RULINGS AND GUIDANCE
ATO ID 2010/124 withdrawn - CGT event C1
The ATO has withdrawn Interpretative Decision ATO ID 2010/124: CGT event C1: sale of shares without the owner's consent - stockbroker's mistake. The withdrawal marks a shift in how the ATO classifies the unauthorised sale of shares due to a broker's error, where:
- previously the ATO considered shares sold without consent due to a mistake triggered CGT event C1 (loss or destruction), which meant that taxpayers were allowed to access replacement asset roll-over under Subdiv 124-B of the ITAA 1997;
- currently the ATO maintains that such a sale is simply a disposal of an asset, which triggers CGT event A1, ie the replacement asset roll-over is no longer available.
Class ruling
Class Ruling CR 2026/9 (Seven West Media Limited - scrip for scrip roll-over) - Eligible shareholders can choose to obtain scrip for scrip roll-over if they made a capital gain from the disposal of their shares.
CASES
Pilot's medical expenses not deductible
An airline pilot has been denied a deduction for expenses incurred in regaining his medical certificates.
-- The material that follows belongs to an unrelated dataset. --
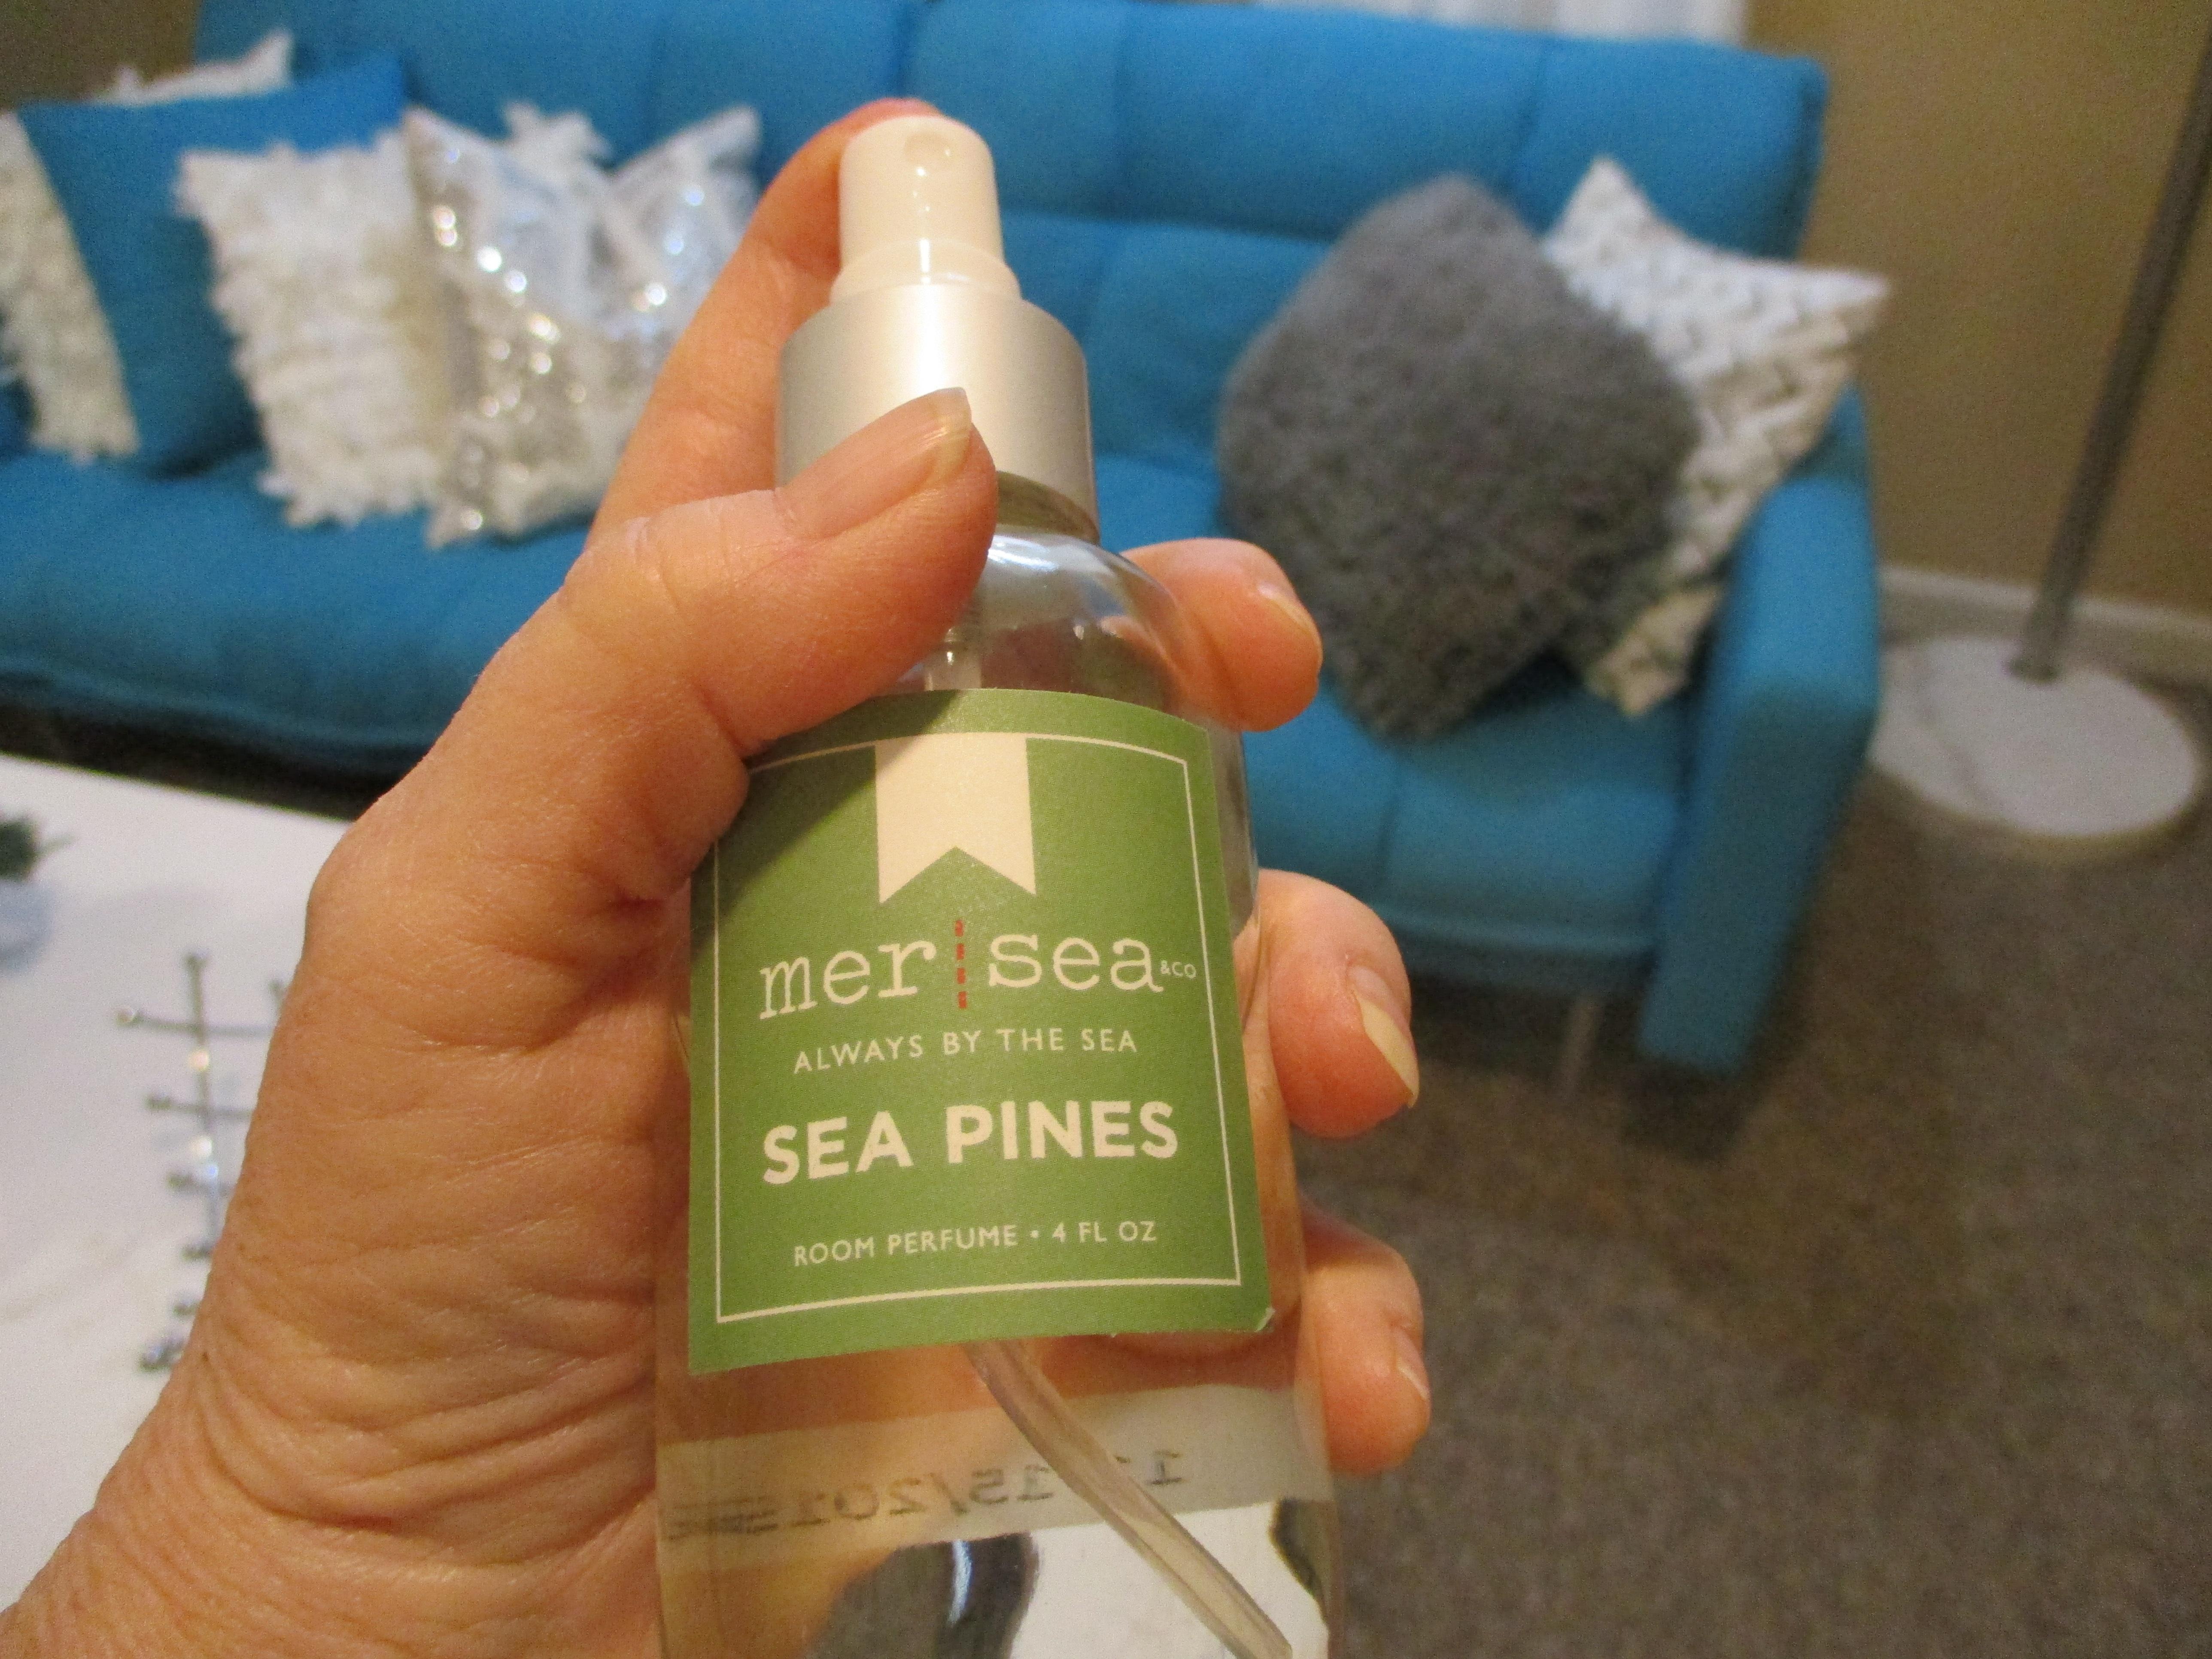 Mer-Sea Sea Pines For Christmas Room Spray Save 10%

The taxpayer claimed deductions (of just over $22,900) for the medical expenses he incurred but the ART agreed with the ATO that they were not deductible. The ART considered the taxpayer's situation was akin to the "pre-employment medical examination" that is required to get a job, the expenses of which are not deductible. (Farley and FCT [2026] ARTA 255, ART, Burch GM, 23 February 2026.)
ATO loses appeal on truck driver's expenses
The ATO has lost an appeal against an ART decision that a truck driver was entitled to a deduction for food expenses based on the ATO's reasonable daily amount. The Federal Court find that the ART did not err in concluding that the taxpayer had demonstrated that the amounts claimed had been incurred. Nor had the ART imposed a lower burden of proof on the taxpayer when it came to evaluating whether he had discharged his onus to prove that he had incurred the amounts claimed.
In addition, the ART did not find that the existence of a "reasonable expectation" within the meaning of s 900-200 ITAA 1997 relieved the taxpayer of his obligation to prove that the relevant expenses were incurred. (FCT v Shaw [2026] FCA 197, Fed Ct, Colvin J, 4 March 2026.)